Payment of the applicable Redemption Prices will be made on or after the applicable Redemption Dates only upon presentation and surrender of the Notes to the Trustees, and the Trustees will determine which portions of the Notes will be redeemed. On the applicable Redemption Date, the applicable Redemption Prices will become due and payable on the relevant Notes and, unless Bristol Myers Squibb or Celgene, as the case may be, defaults in the payment of such Redemption Prices, interest on such Notes will cease to accrue on and after the applicable Redemption Date. Bristol Myers Squibb and Celgene will use cash on hand to finance the redemption of the Notes at the Redemption Prices. Following the early settlement of the previously announced tender offers and the settlement of the "make whole" redemptions described above, Bristol Myers Squibb will have purchased approximately $4.0 billion in aggregate purchase price for its debt securities as previously disclosed.

This announcement is neither an offer to sell nor a solicitation to buy any security and shall not constitute an offer, solicitation, or sale in any jurisdiction in which an offer, solicitation, or sale would be unlawful. The details concerning the terms and conditions of the redemptions are fully described in the notices of redemption distributed to registered holders of the Notes. Beneficial holders with any questions about the redemptions should contact their respective brokerage firm or financial institution.
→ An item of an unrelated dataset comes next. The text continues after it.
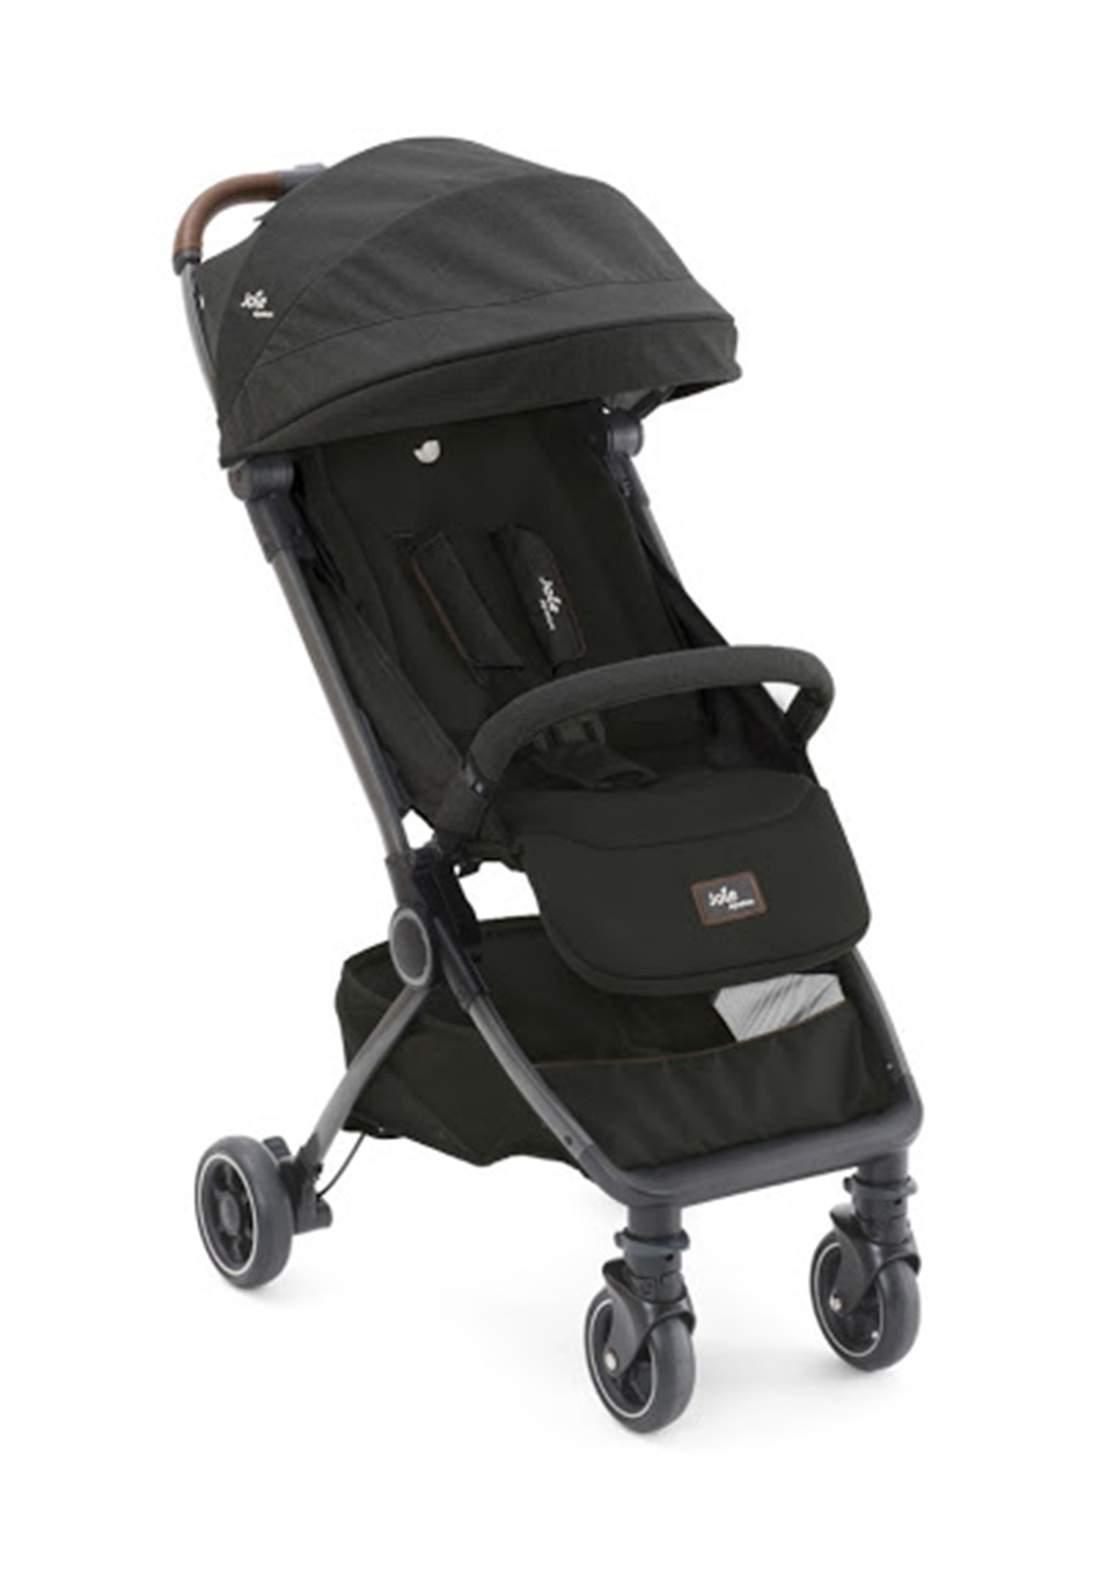 عربة اطفال Joie Baby Pact Flex Signature Stroller - Nori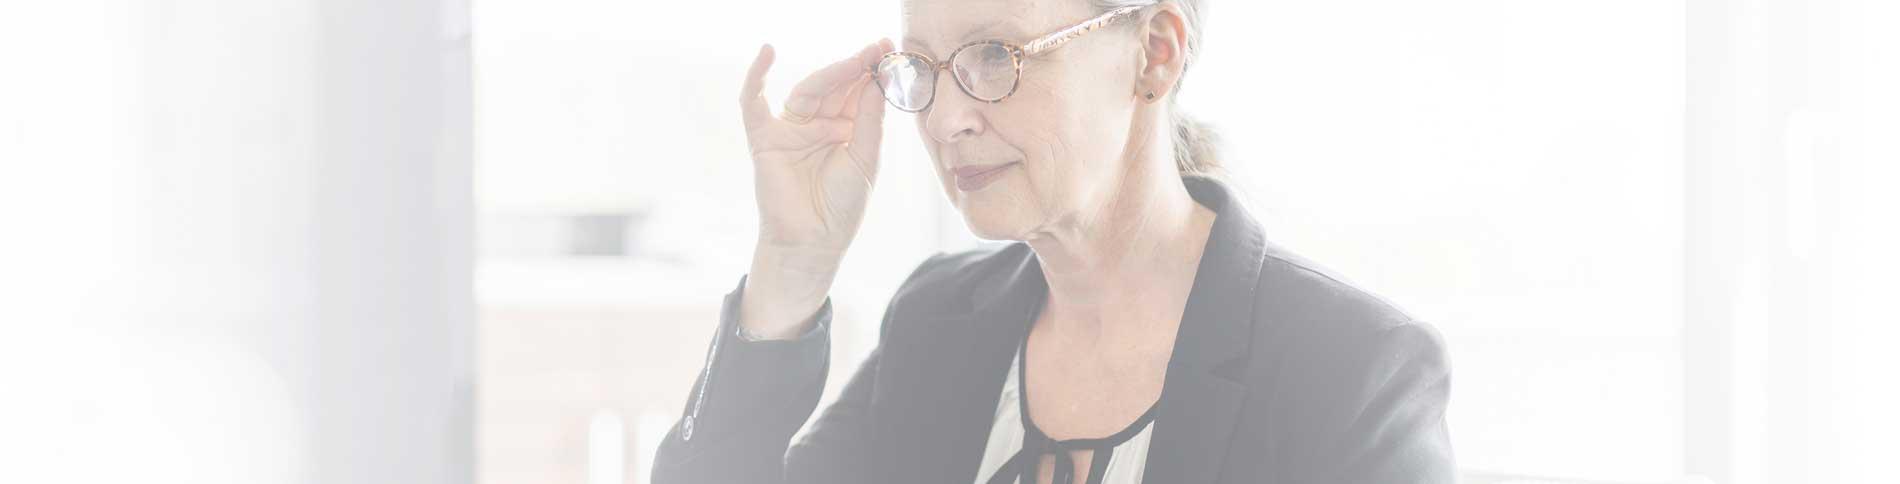 woman adjusting her glasses

This announcement does not form part of the notices of redemption or otherwise constitute a notice of redemption with respect to either the BMS Notes or the Celgene Notes and is qualified in its entirety by reference to the notices of redemption issued by Bristol Myers Squibb and Celgene concerning the Notes.

This communication is not being made by, and has not been approved by, an authorized person for the purposes of Section 21 of the Financial Services and Markets Act 2000, as amended (the "FSMA)". Accordingly, this communication is not being distributed to, and must not be passed on to, persons within the United Kingdom save in circumstances where section 21(1) of the FSMA does not apply.

In particular, this communication is only addressed to and directed at: (A) in any Member State of the European Economic Area, qualified investors in that Member State within the meaning of the Prospectus Regulation and (B) (i) persons that are outside the United Kingdom or (ii) persons in the United Kingdom falling within the definition of investment professionals (as defined in Article 19(5) of the Financial Services and Markets Act 2000 (Financial Promotion) Order 2005, as amended (the "Financial Promotion Order")) or within Article 43 of the Financial Promotion Order, or to other persons to whom it may otherwise lawfully be communicated under the Financial Promotion Order.